The big trick of running lots of systems
There's a lot of rules of running large-scale systems, with lots of machines. I'll probably be writing up my own version of them at some point. But they all really come down to one big trick:
Don't administer individual machines.
That's it. Everything else is in the implementation details. (Of course, the devil is always in the details.)
But what does it mean? More or less what it says: you should never deal with machines one by one, ideally not even if one of them is exploding. Dealing with machines one by one is somewhat like trying to get through a swamp on foot; you can make progress, but oh so very slowly, and slogging through the mud is very tiring.
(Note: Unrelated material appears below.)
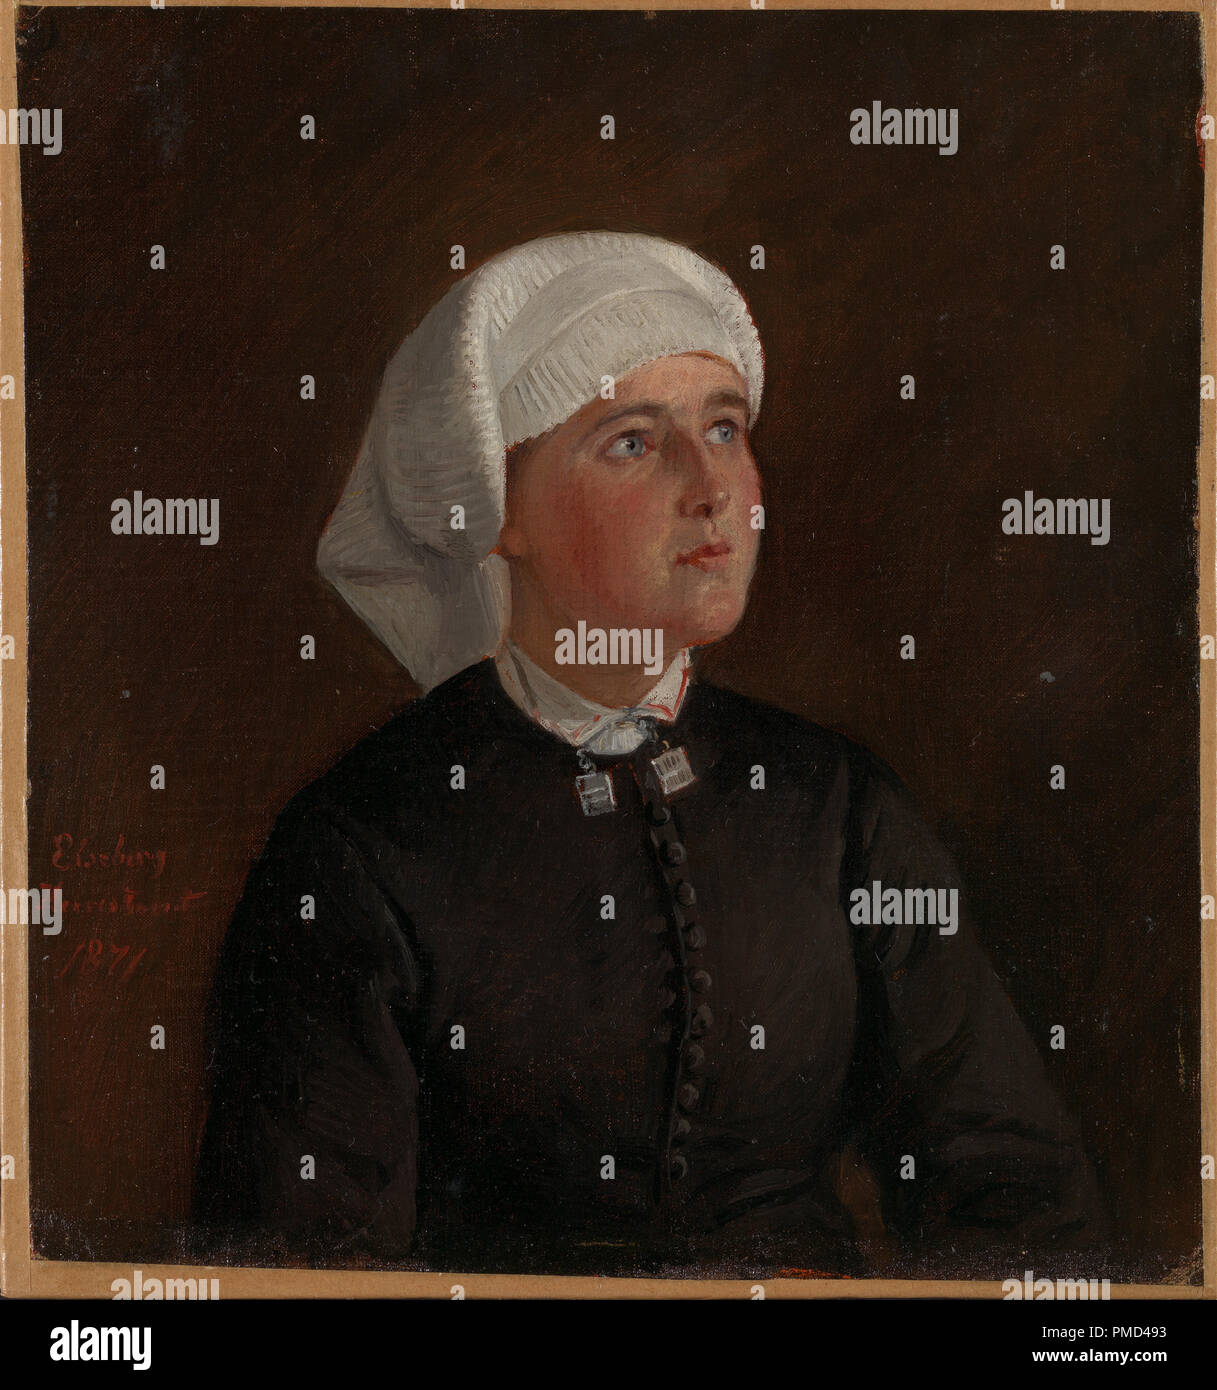 Portrait of Elseberg Herrestvedt. Date/Period: 1871. Painting. Olje på lerret oppklebet på trefiberplate. Width: 22 cm. Height: 23.5 cm. Author: Adolph Tidemand. Stock Photo

This deep principle underlies a lot of large scale system
administration tools, including things like LDAP, NIS, and
automounters. (Which are just ways of making it so that you don't have
to worry about
/etc/fstab and so on on each
(Like the best big tricks this is in some ways a very Zen thing, so it's hard to find much to say about it that doesn't feel like belaboring the obvious.)
There's two sorts of large systems
A lot of what I think about and do is keeping large computer systems running. In an online discussion recently I've (re)realized that there are two different sorts of 'large systems', each with very different challenges.
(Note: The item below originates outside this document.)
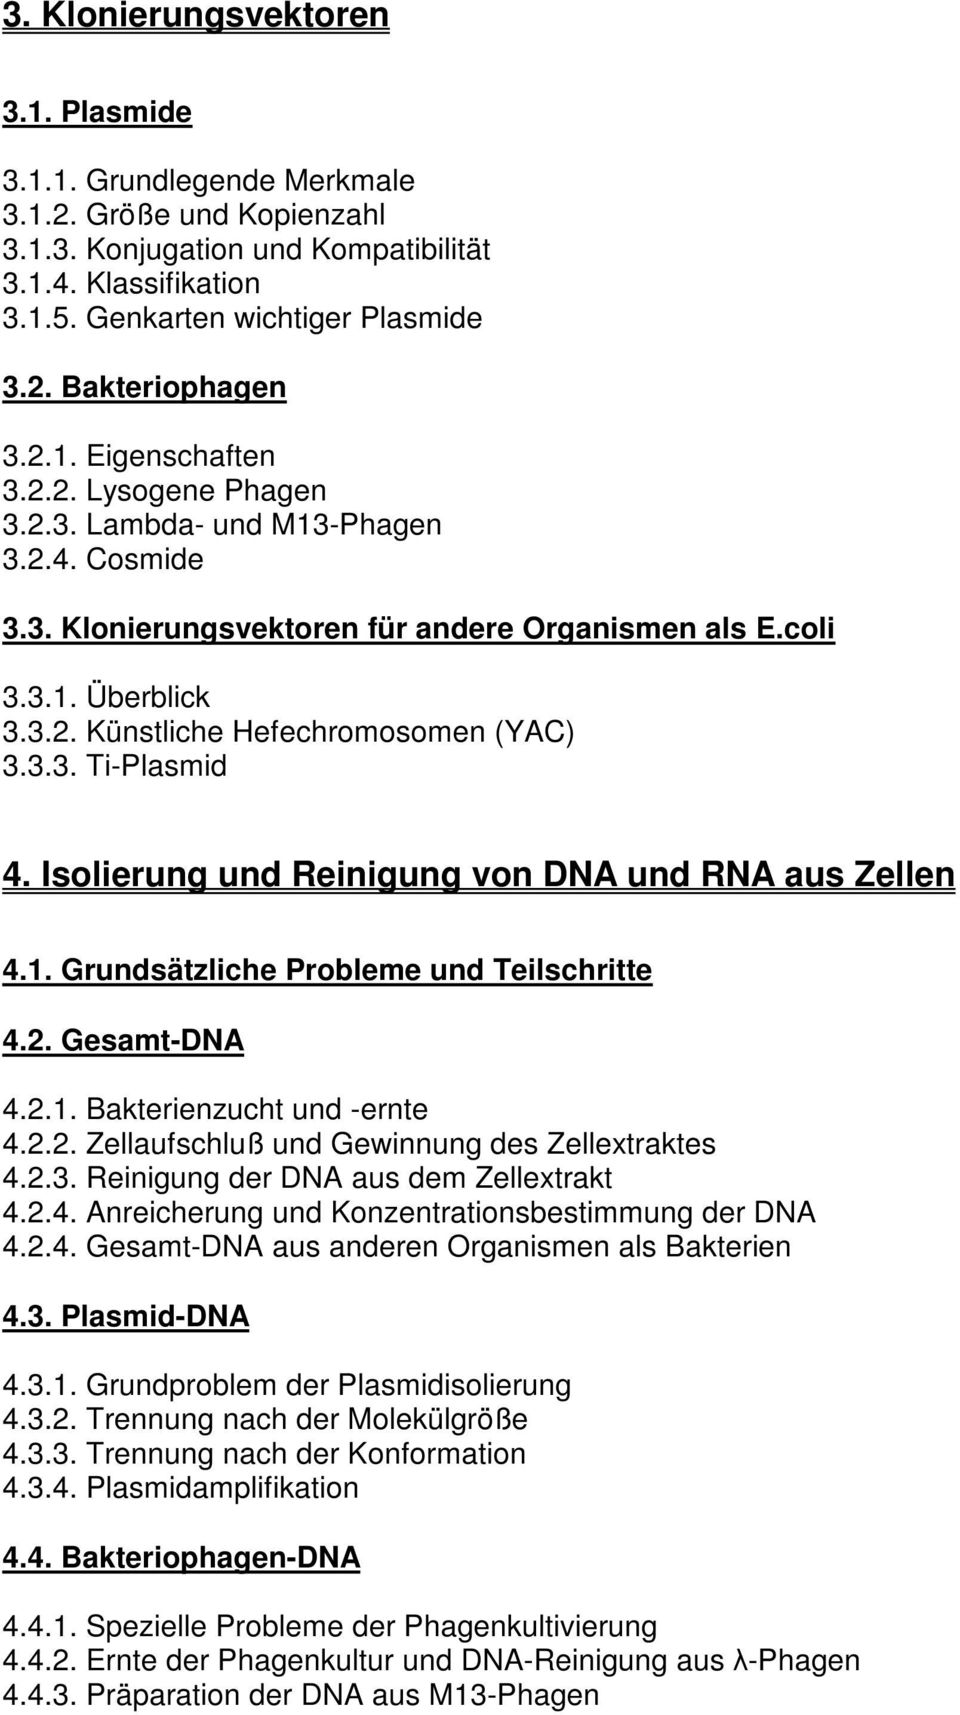 3.3. Ti-Plasmid 4. Isolierung und Reinigung von DNA und RNA aus Zellen 4.1. Grundsätzliche Probleme und Teilschritte 4.2. Gesamt-DNA 4.2.1. Bakterienzucht und -ernte 4.2.2. Zellaufschluß und Gewinnung des Zellextraktes 4.

One sort of 'large system' is large because it handles a lot, for example a mail system that handles email for 25,000 people on a single, beefy machine. Running a single large machine like this is mostly a matter of tuning, and it's not what I deal with. (Not that tuning a large complex system is easy; there are many complex and sometimes counterintuitive parts.)
The other sort of 'large system' is large because it has lots of machines. This is what I deal with (although somewhat on the small end of it). My experience is that when you have lots of machines, you have an entirely different set of problems than administering a single machine, no matter how beefy.
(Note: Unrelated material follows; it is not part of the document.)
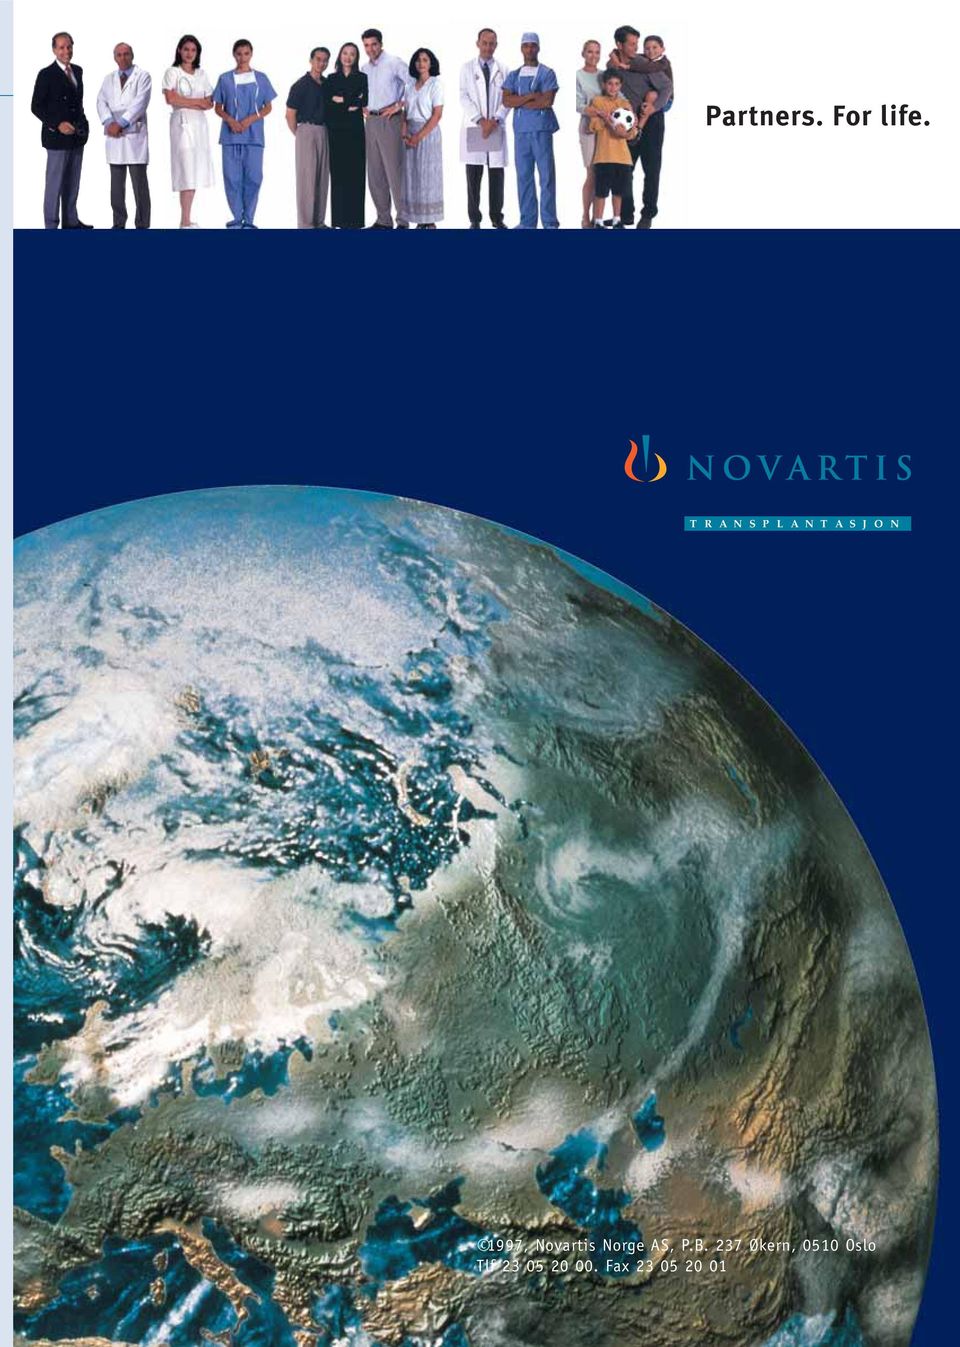 1997, Novartis Norge AS, P.B.

When you have large problems you'll often wind up dealing with lots of machines, because it's become the easiest way to scale up compute power for a lot of such things.
One important resource for this field is the annual LISA (Large Installation System Administration) conferences put on by Usenix every year (technically I believe they're organized by SAGE, which is a Usenix subgroup). Usenix has a number of past LISA proceedings available online on their web site (in the publications section); it's well worth your time to browse them and read any interesting papers.